Water is intrinsically linked to people’s day to day lives; examining the experience of water (in)security require intensive research methods that ‘capture life as it is lived’ and record events and processes as they unfold over time. Current approaches, often based on infrequent cross-sectional surveys and interviews, are ineffective in unpacking the complexity of water-society challenges, particularly in contexts characterized by unreliable supplied, erratic weather patterns or fluctuating income flows.
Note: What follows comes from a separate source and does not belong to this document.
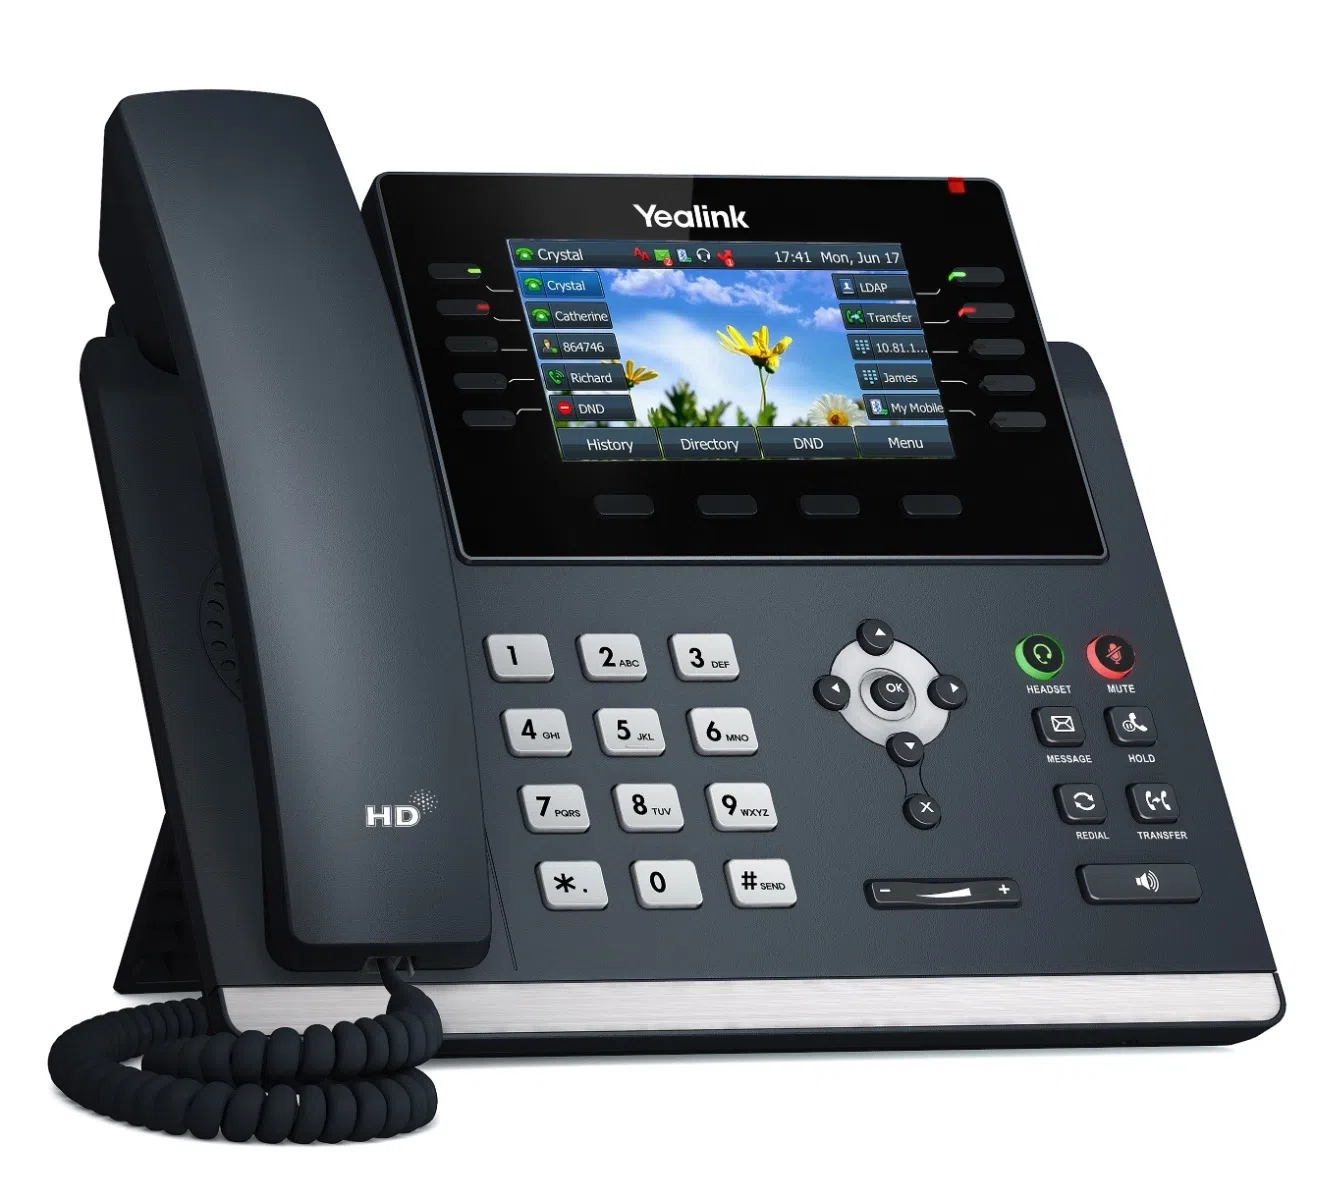 Who manufactures the Yealink T46U, also known as the SIP-T46U IP Phone 1301203?

To address this methodological challenge, we designed the ‘water diary’ method – an intensive longitudinal tool that captures daily records of household water sources, amount, uses and costs, along with expenditure data for food, health, education, transport and other categories. Here, we present unprecedented data from a year-long (ongoing) water diary study with over 500 households in across five sites in Kenya, Ethiopia and Bangladesh. The diversity of environmental, institutional and infrastructure risks in our study sites, including unreliable piped supply, drought, salinity, and river pollution, provide an interesting opportunity to explore the drivers, trade-offs and water security outcomes in both rural and urban settings. While recognizing the limitations of replicating such intensive methods at scale, we argue that such detailed data can complement existing methods in unmasking the socio-spatial inequalities and can support policy and practice through interdisciplinary evidence-based decision-making, particularly in contexts characterized by minimal, uncertain or absent data.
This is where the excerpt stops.